ETA: This was aimed at the back and forth between @iamthewalrus_3 & @HMS_Irruncible a couple posts above; @Ponderoid snuck in while I was typing.

Not quite. This is merely a quibble; you’ve got the 99% case covered.

If Mallory has Bob’s private key, then she can decrypt the ciphertext to a plaintext that the other Eves can prove to themselves will encrypt with Bob’s public key to the same ciphertext they all have a copy of. So far so good. And so far so conventional.

What Mallory cannot do with just the above and nothing more, is prove that she has Bob’s private key, versus the possibility that she stole the corresponding plaintext from Alice (or Bob) via other means and is just pretending to have derived it from the commonly known ciphertext via Bob’s private key.

To be sure, any Eve can discover if Mallory is lying by sending Mallory some other plaintext, asking Mallory to encrypt it using Bob’s private key, then send the corresponding ciphertext back to that Eve. Which Eve can then try decypting it using Bob’s public key. If that succeeds to return the sample plaintext Eve supplied, Mallory has proven, at least to that one Eve’s satisfaction, that Mallory has Bob’s private key.

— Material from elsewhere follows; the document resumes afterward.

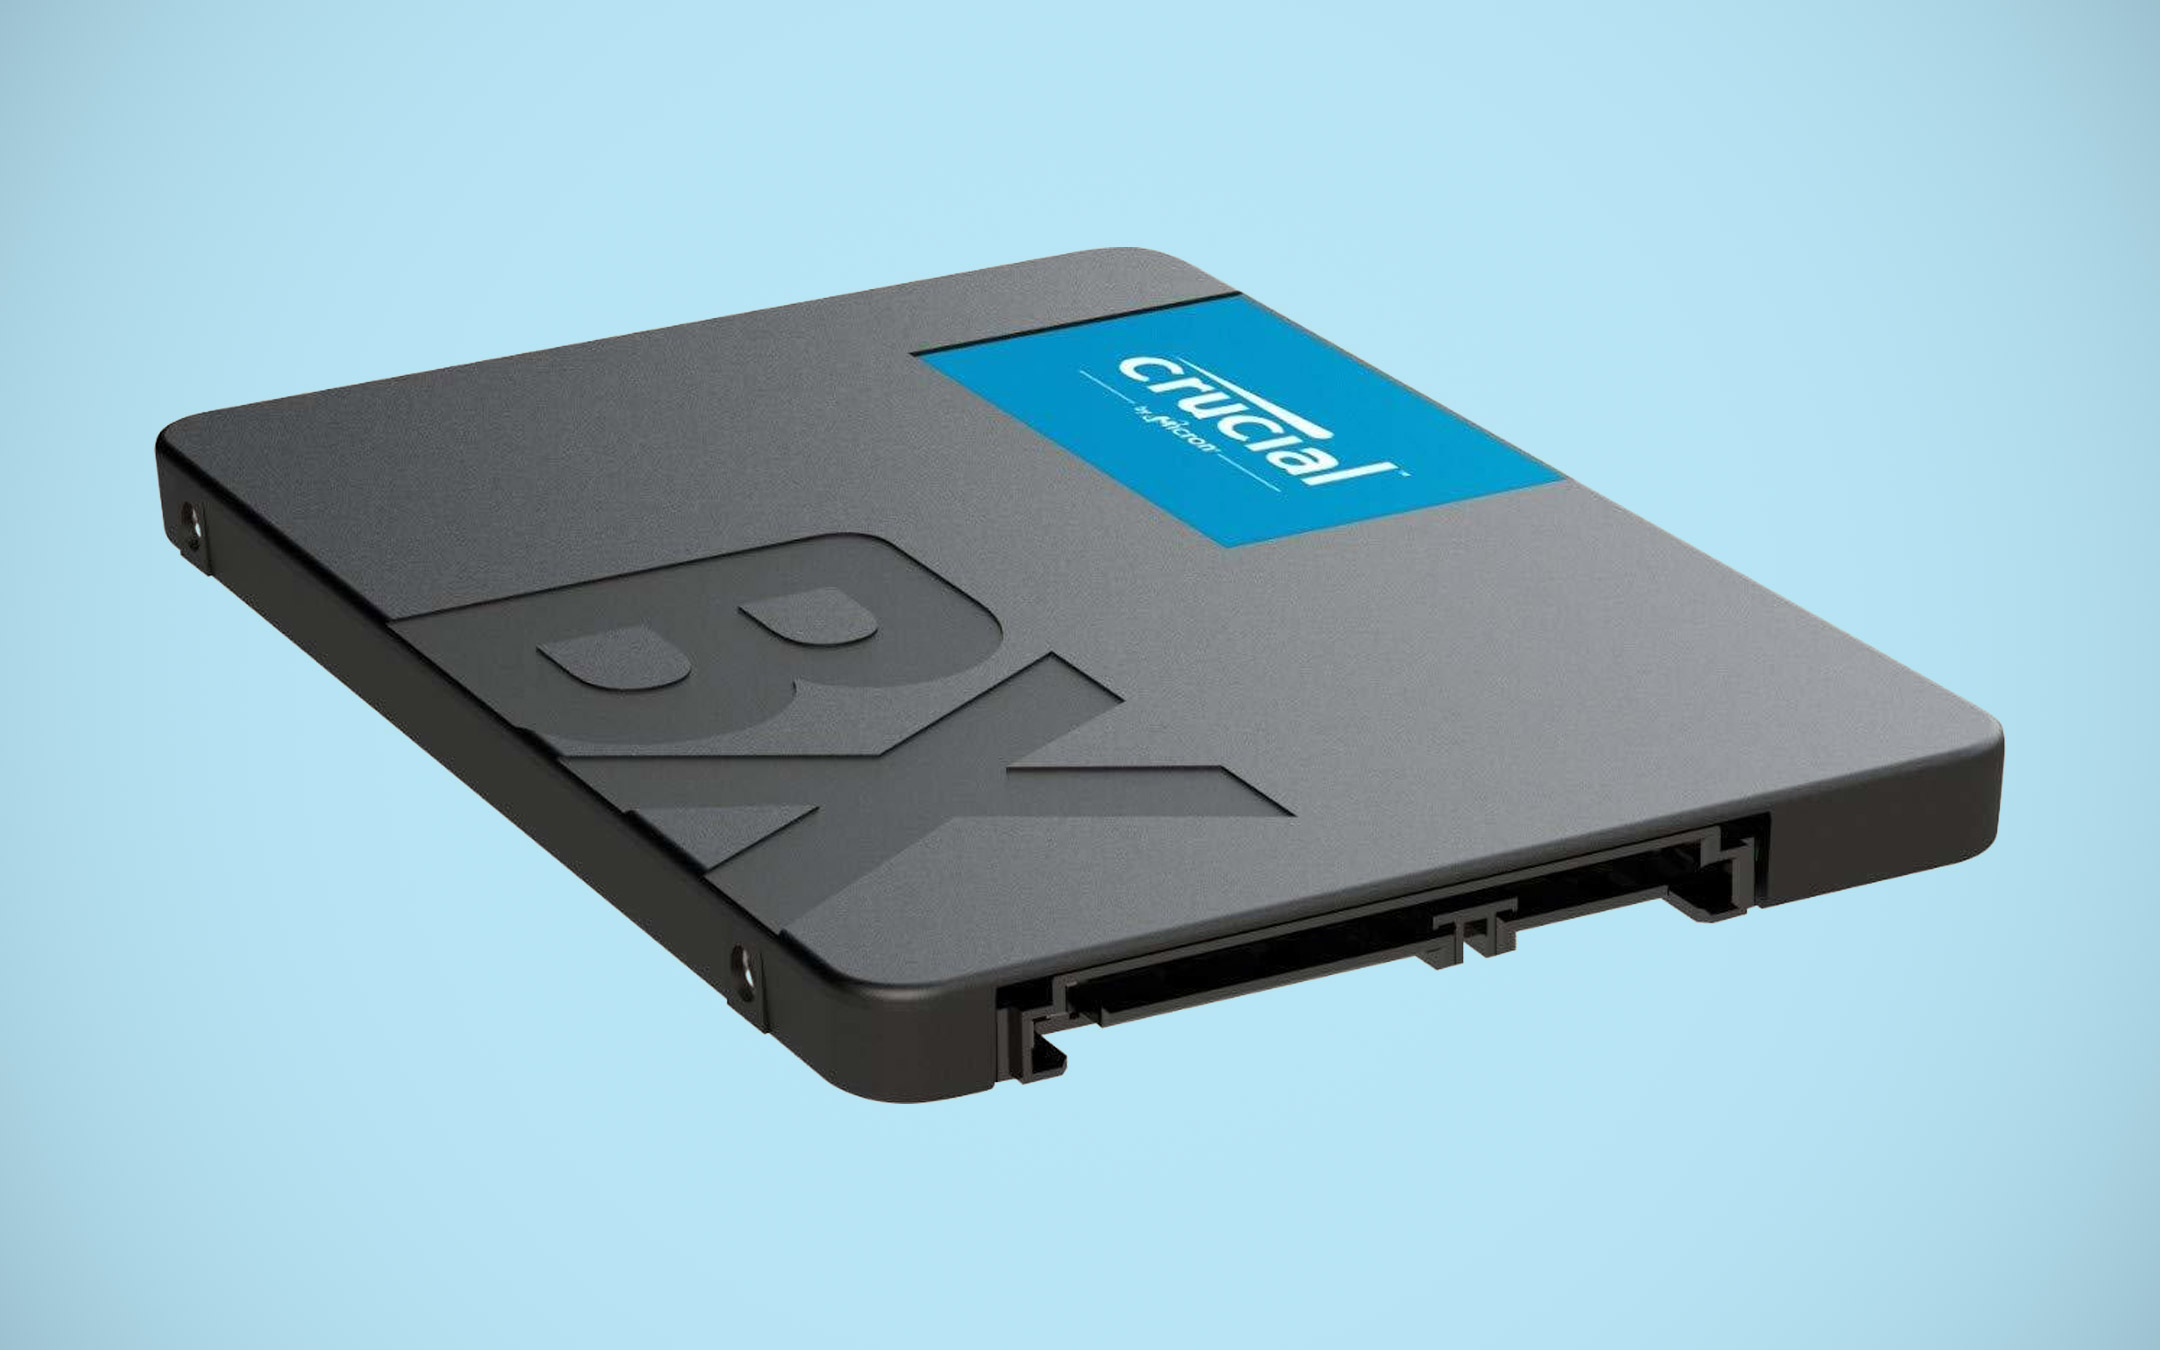 Le SSD Kingston e Crucial da 240 GB in sconto su eBay

But what if Mallory refuses to play along? “I, Mallory, have Bob’s private key and you must just take my word for it. I’ve shown you all that I can decrypt a message, that should be good enough. Neener neener!” The Eves (any or all) have no way to prove or disprove Mallory’s contention.

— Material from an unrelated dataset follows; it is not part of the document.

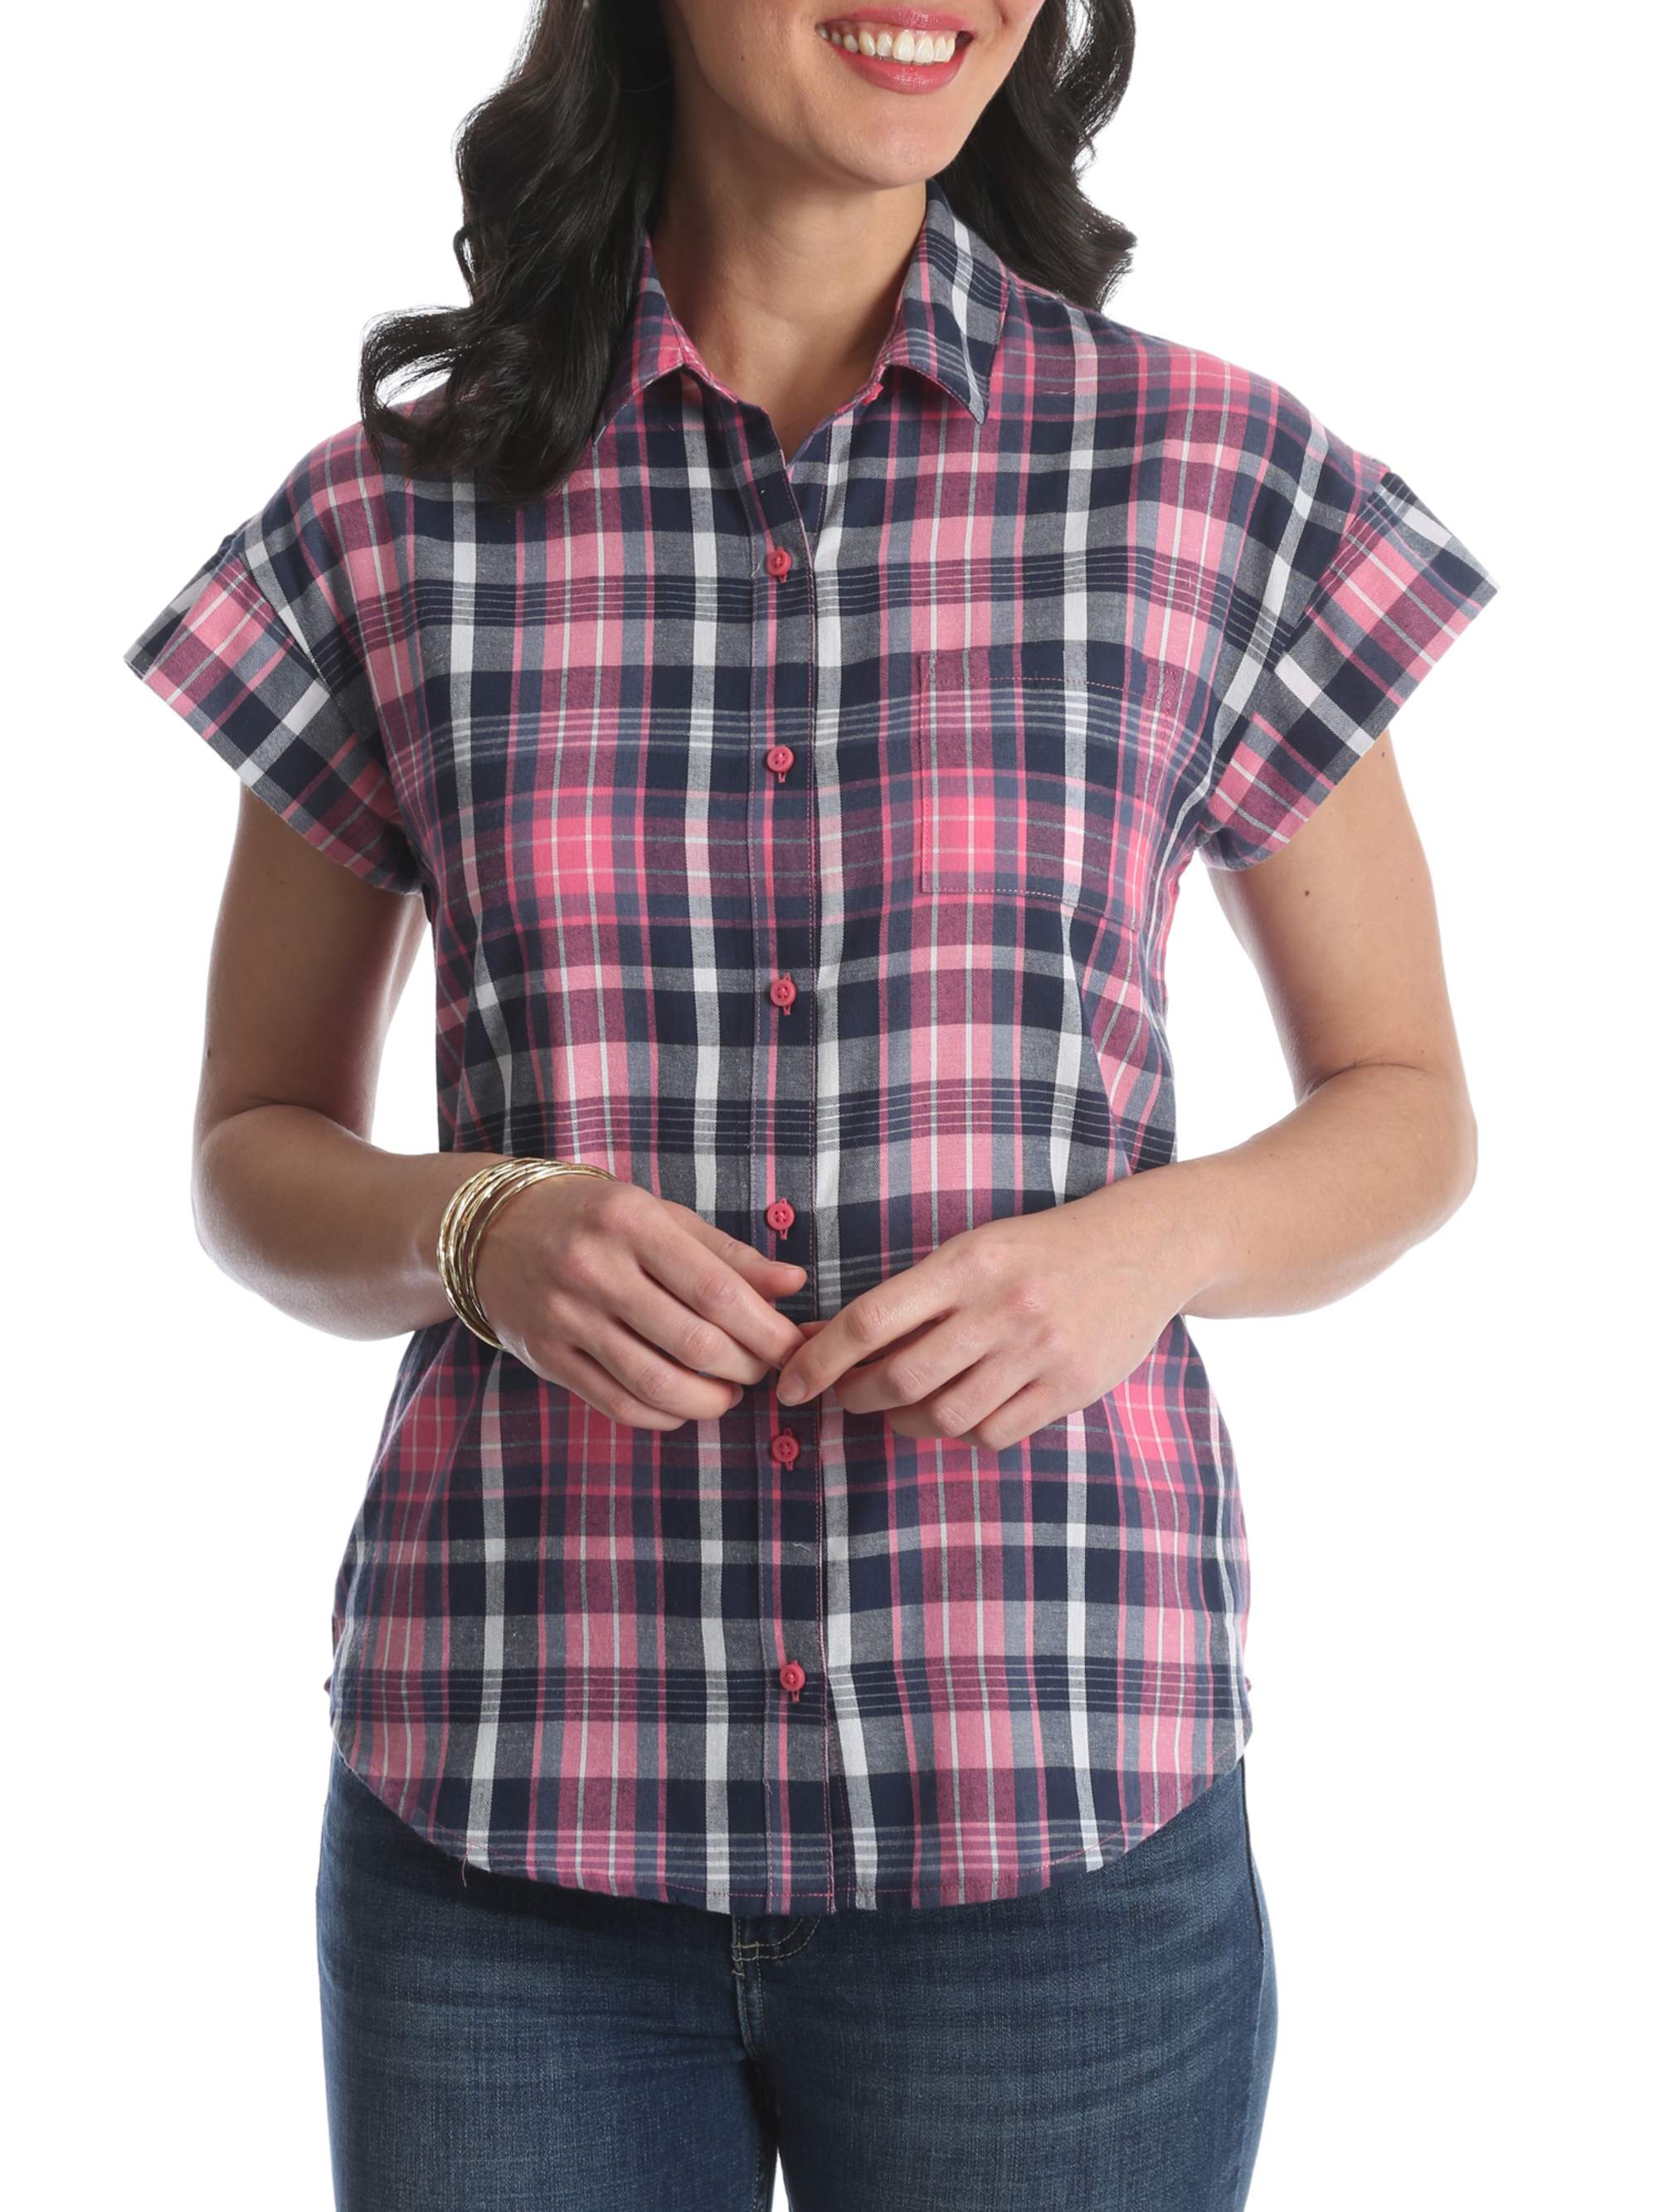 Lee Riders - Women's Short Sleeve Woven Shirt - Walmart.com - Walmart.com

At least not that I can see. IANA professional at this.

Having a crib, like a large proportion of messages starting with the same known text, makes it much easier to crack an Enigma message. It does not make it any easier at all to crack an RSA message. The fact that this makes Enigma easier to crack, but does not make other encryption schemes easier to crack, absolutely is a vulnerability for Enigma compared to those other schemes.

The Eves can verify that Mallory’s plaintext maps to the original cypher - so they can confirm that it was a correct decryption - and they could continue to do that with any future texts that Mallory claims to have decrypted.

If Mallory can successfully continue to decrypt each text from Bob then, at some point, the question of whether they’re doing it by using the private key, having a camera hidden in his room, or exploiting a flaw in the encryption algorithm all becomes a bit moot. That said, until Mallory cooperates in proving that they can decrypt any arbitrary text, there’s the risk that they are using a camera and will lose connection to it at some point in the future. The Eves will need to verify every text that Mallory gives them, even after they’re long-since confident that Mallory has the goods.

Then again, that verification is fairly simple. And even if Mallory did prove that she had the private key, you’d still want to verify all of her claims.

The idea that comparing the original encrypted file to a file redoing the encryption from an identical plain-text will show that the 2 sources were the same is fine. But never mind salting/padding, timestamps are often used by encryption tools. In this case you would gave to redo the encryption on a system set to exactly the same date and time as the original event. That might present some issues.

If you knew what that time was, as Mallory presumably does, that would be trivial.

I said “might”, would depend on the encryption system used. If an external timestamp server is used, then not trivial.
Even if using the system time, spoofing the exact time could be challenging for all or any of the “Eves”.

Suppose that the timestamps are kept to millisecond precision, and suppose that you can determine the timestamp to within a precision of an hour. That leaves only a few million possibilities to try and see which one works, which for encryption purposes, isn’t all that much. If you want something like this, you’d be much better served by using some sort of true random number generator. Which is expensive, computationally speaking, but ultimately any encryption scheme absolutely depends on having good random numbers, so you’d have to have one anyway. And the amount of randomness needed is certainly achievable: Rolling an ordinary six-sided die 16 times would give you several trillion possibilities, much more difficult to brute-force.

Another option for proof is for the Eves to encrypt their own message using Bob’s public key, and have Mallory successfully decrypt it.